Provided data:
Start of Block

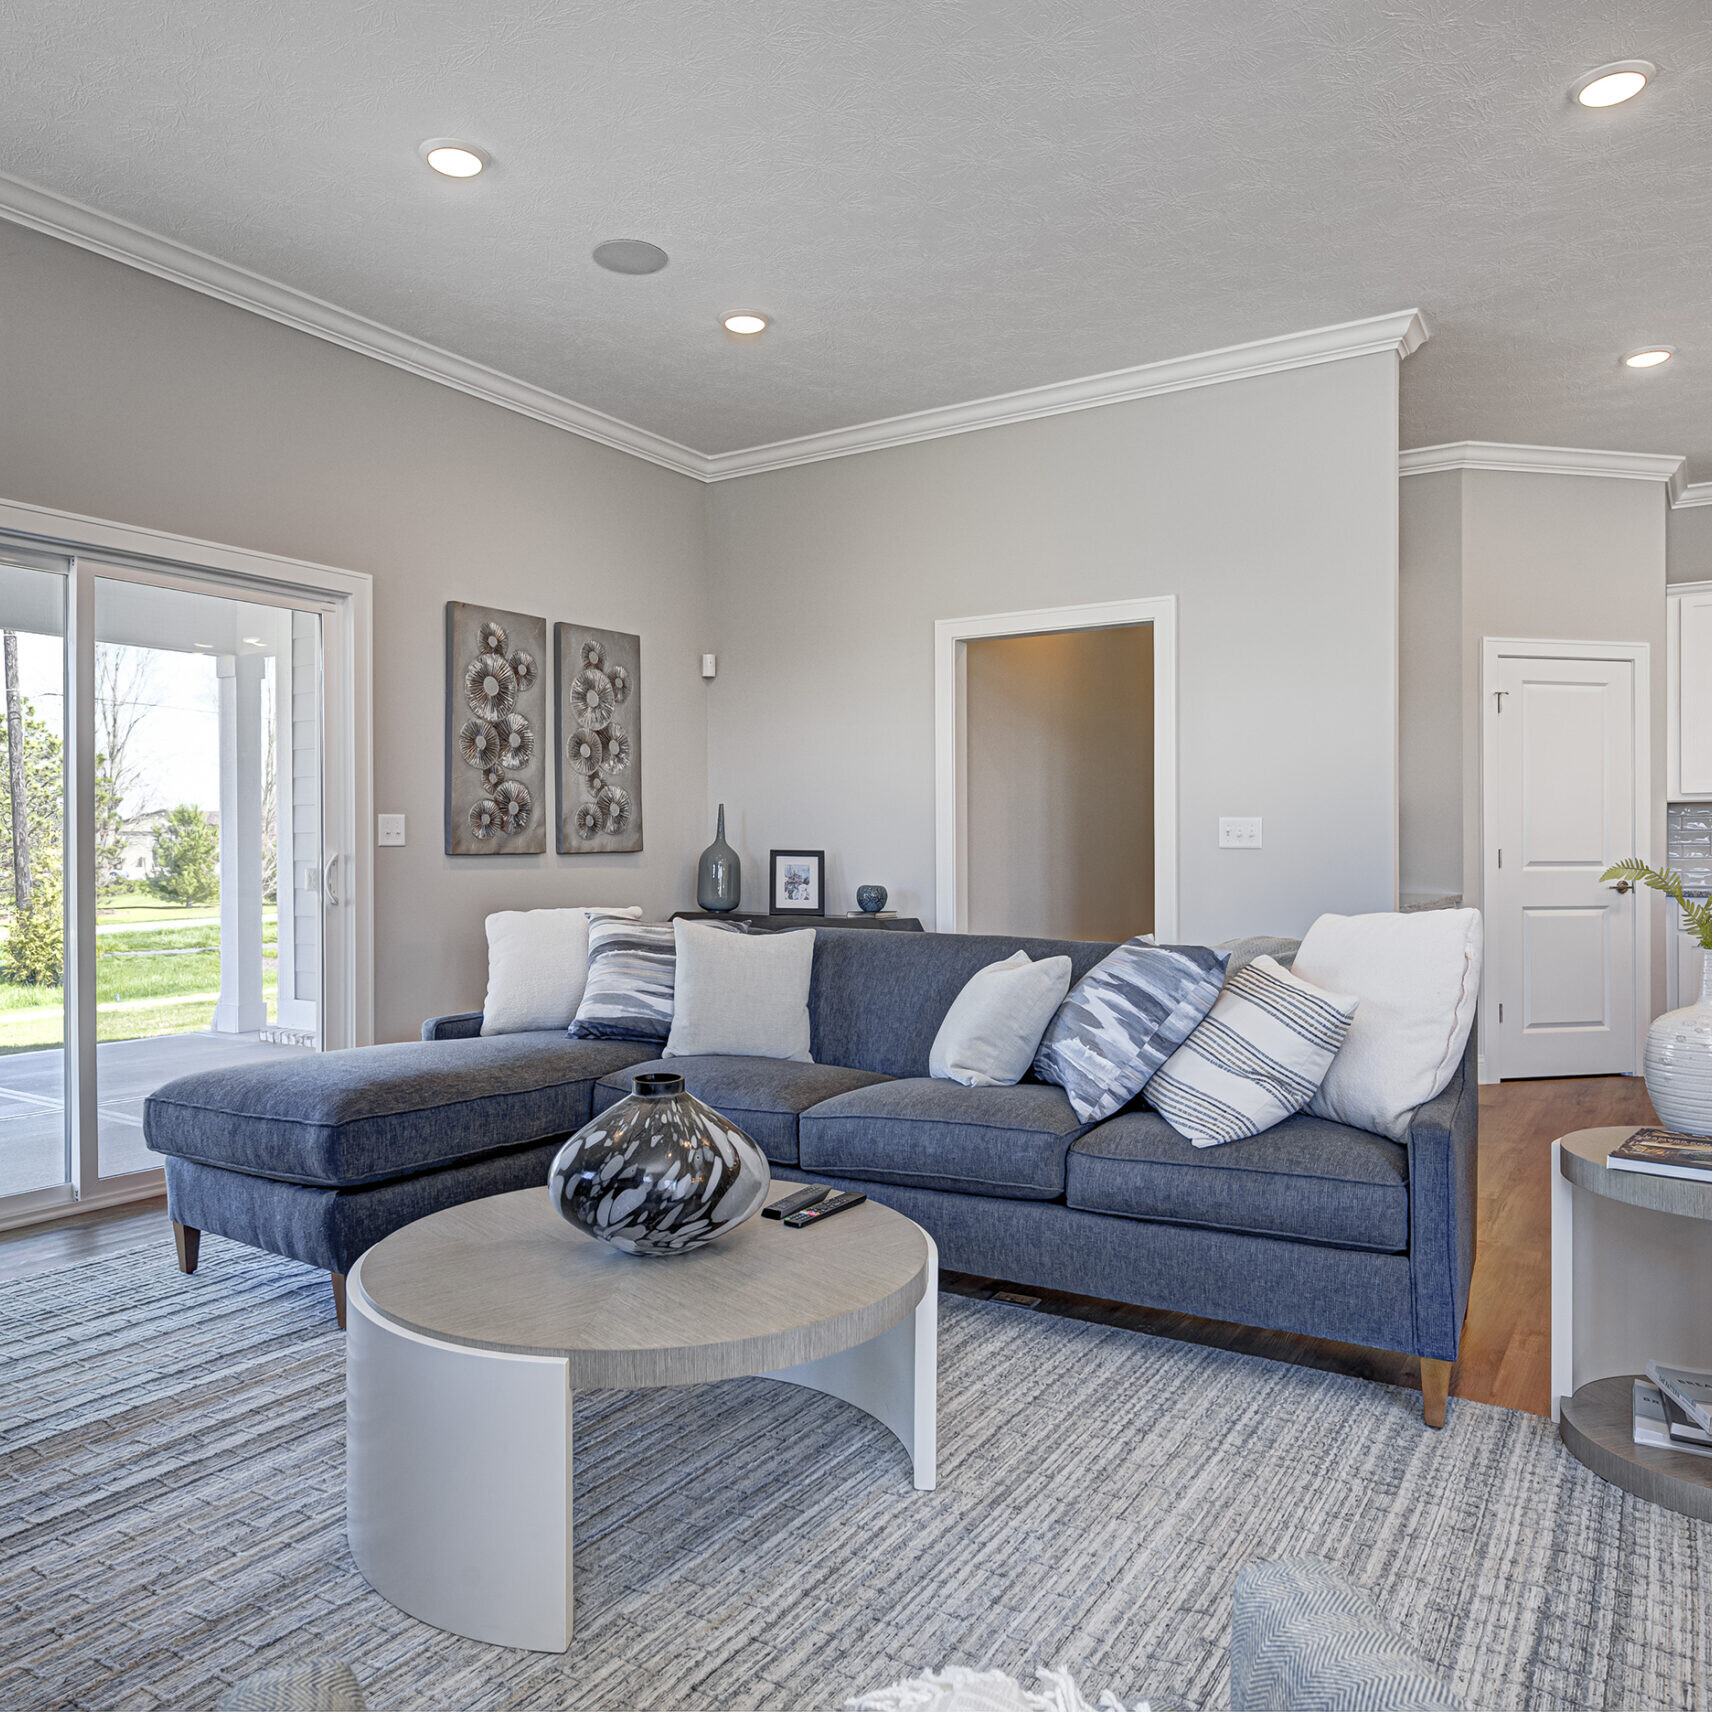 A living room with a gray couch and coffee table, designed by a Custom Home Builder in Carmel Indiana.
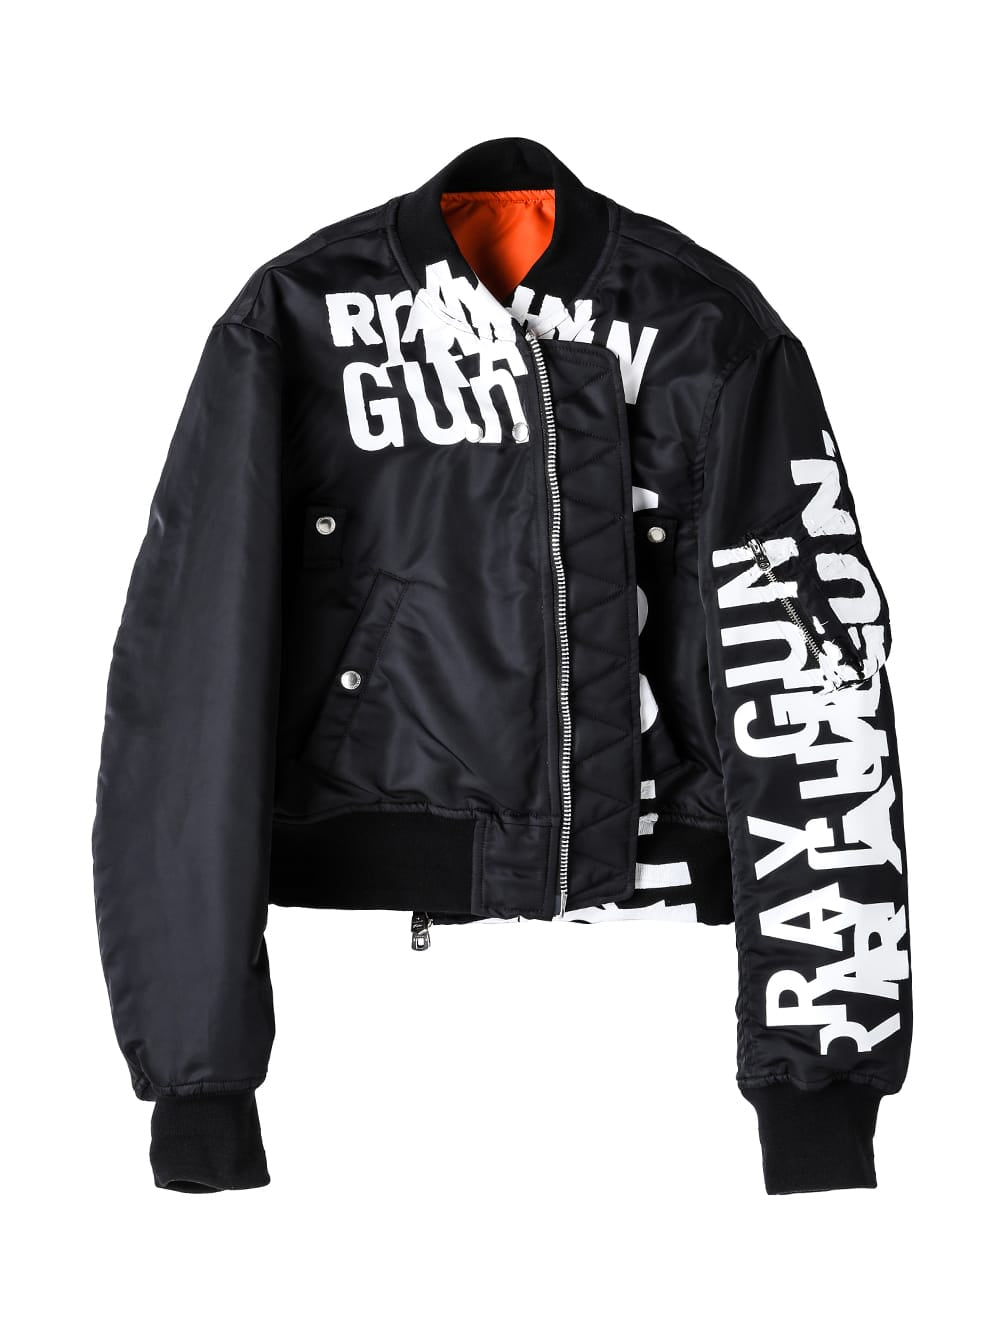 sj.0018aAW23-black two-way cropped bomber jacket. THE TWO OF US 
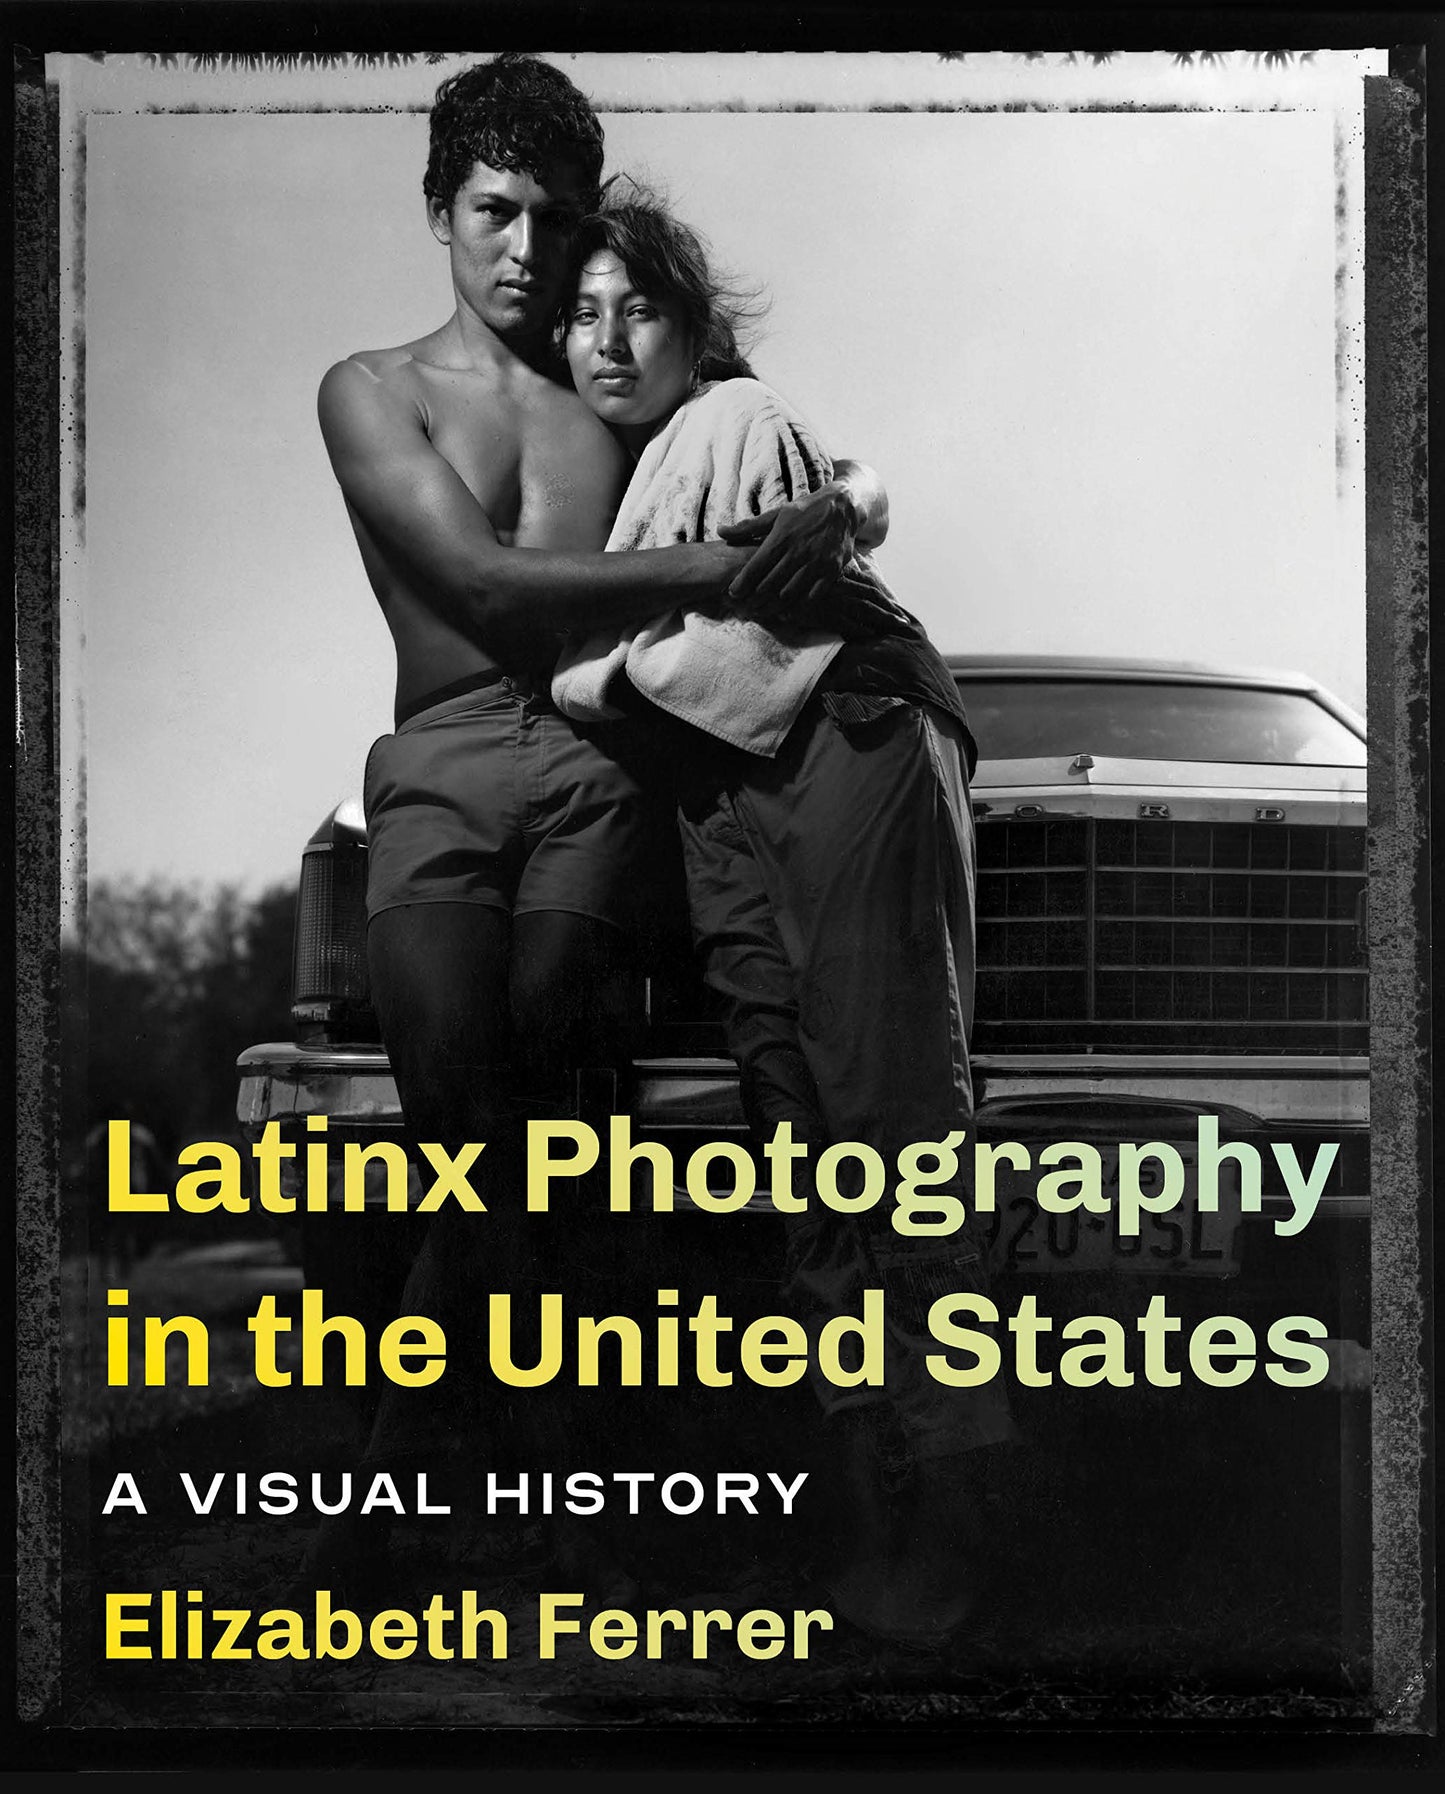 Latinx Photography in the United States // A Visual History

End of Block

Pictures stay out; retype only the lines from the line containing "sj.0018aAW23-black two-way cropped" through the end of the listing, inclusive, exactly as they appear.

 sj.0018aAW23-black two-way cropped bomber jacket. THE TWO OF US 
 Latinx Photography in the United States // A Visual History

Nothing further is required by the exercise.